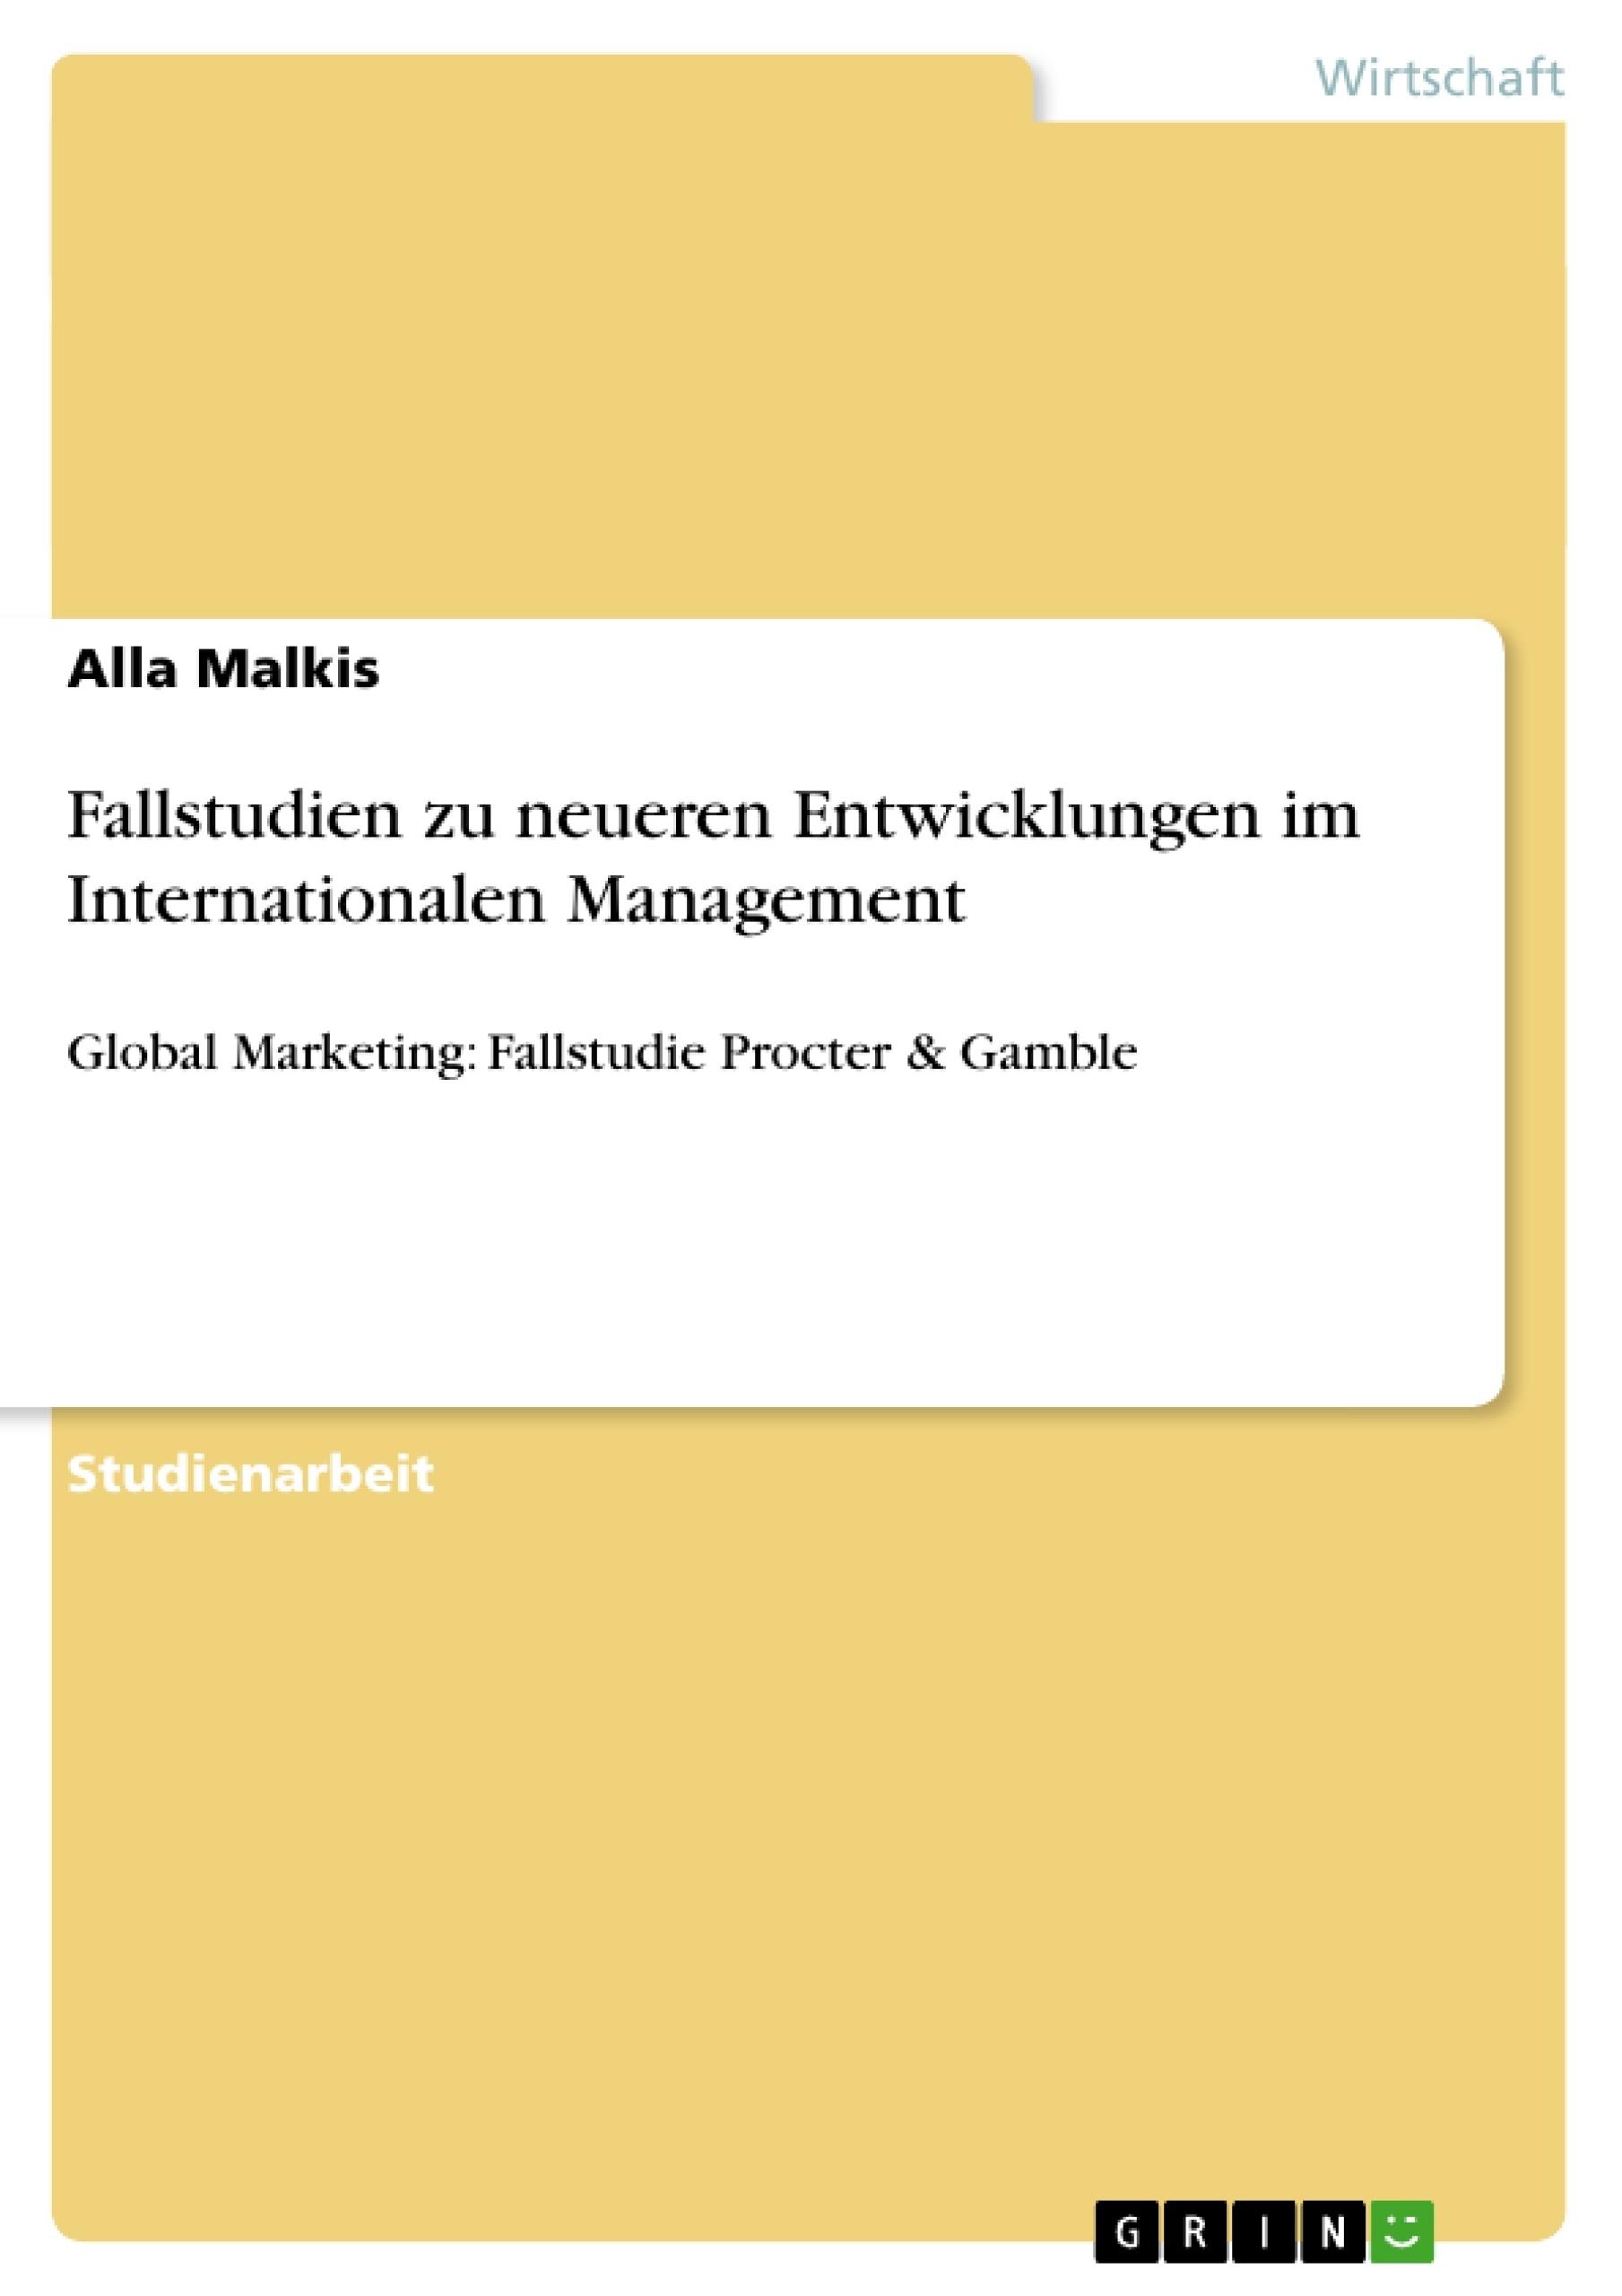 Titel: Fallstudien zu neueren Entwicklungen im Internationalen Management
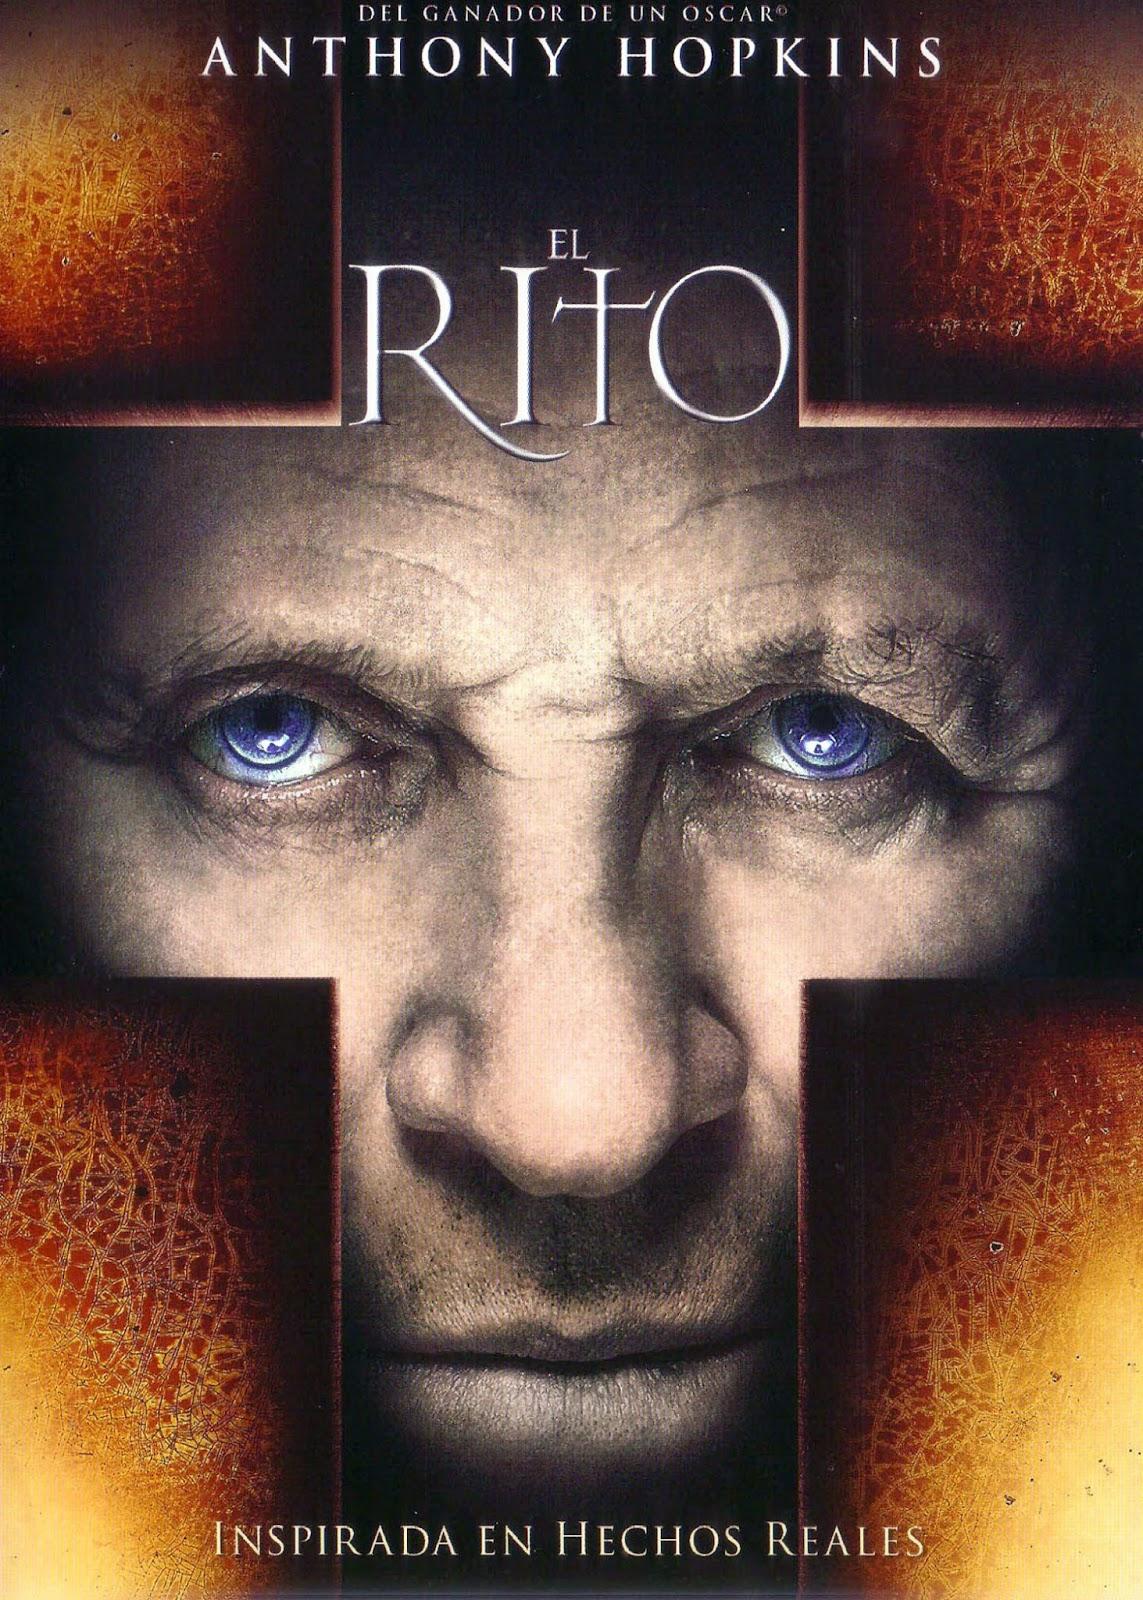 El Rito (2011)
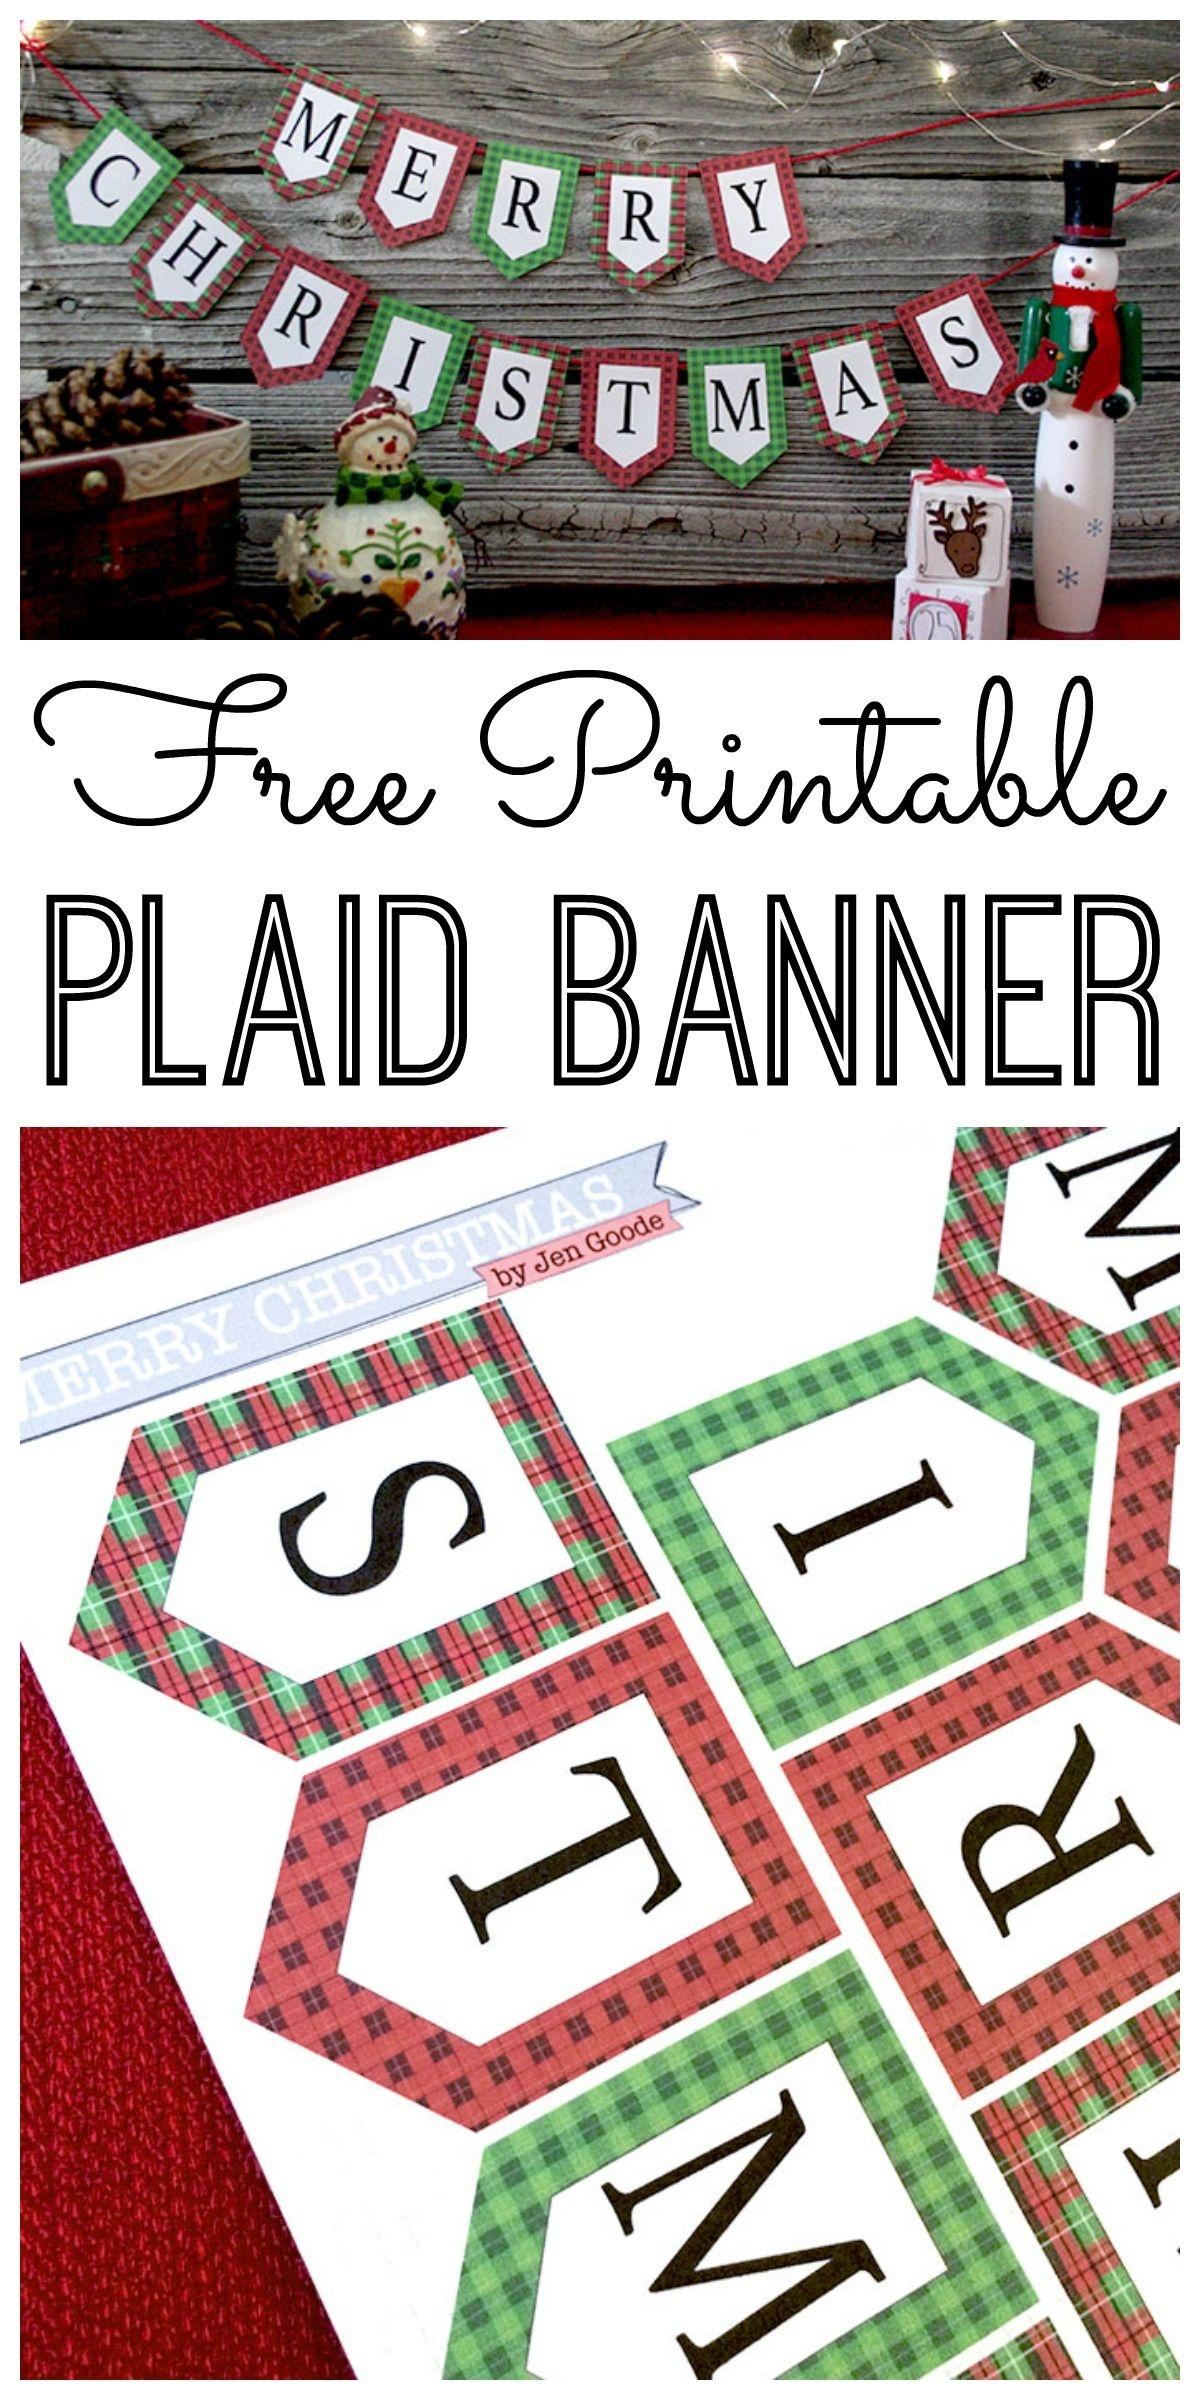 Mini Merry Christmas Banner And Holiday Printables Blog Hop | Cricut - Free Printable Christmas Banner

* Exercise description:
Restate the whole of the material word for word without the pictures.

* Solution to the exercise:
 Titel: Fallstudien zu neueren Entwicklungen im Internationalen Management
 El Rito (2011)
 Mini Merry Christmas Banner And Holiday Printables Blog Hop | Cricut - Free Printable Christmas Banner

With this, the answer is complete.